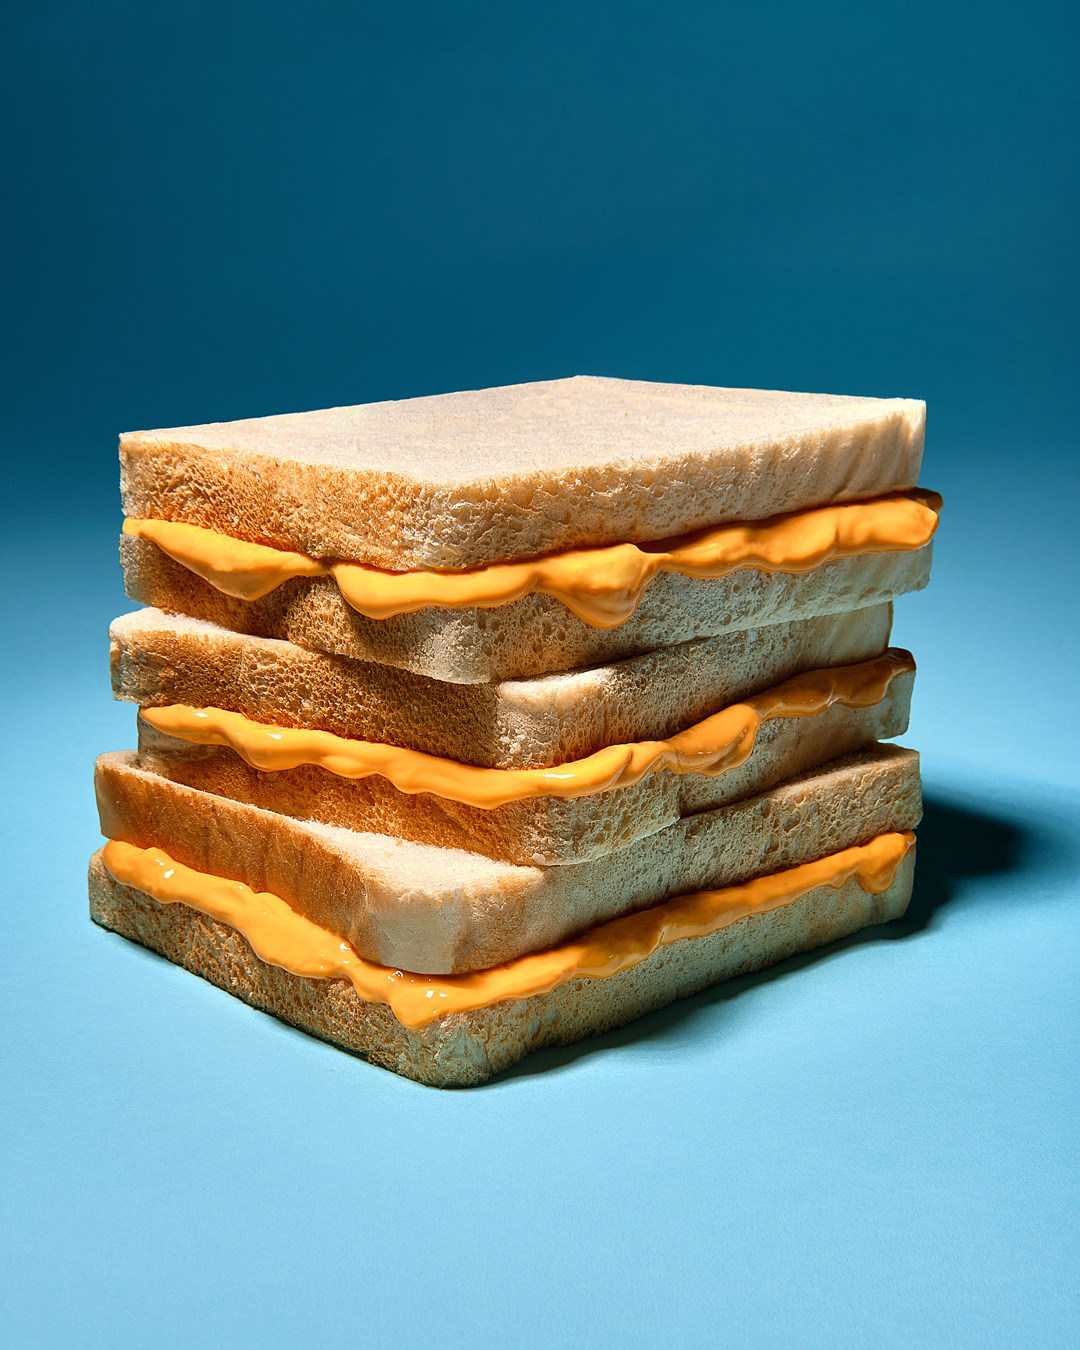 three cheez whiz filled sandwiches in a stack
_____
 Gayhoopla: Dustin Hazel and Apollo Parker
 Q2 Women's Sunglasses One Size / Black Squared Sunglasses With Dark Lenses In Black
_____
Work required – Go through the listing above and write out exactly the lines starting with the one holding "Gayhoopla: Dustin Hazel and Apollo Parker" and running through the one holding "Q2 Women's Sunglasses", ends included, and no others.

Finished task –
 Gayhoopla: Dustin Hazel and Apollo Parker
 Q2 Women's Sunglasses One Size / Black Squared Sunglasses With Dark Lenses In Black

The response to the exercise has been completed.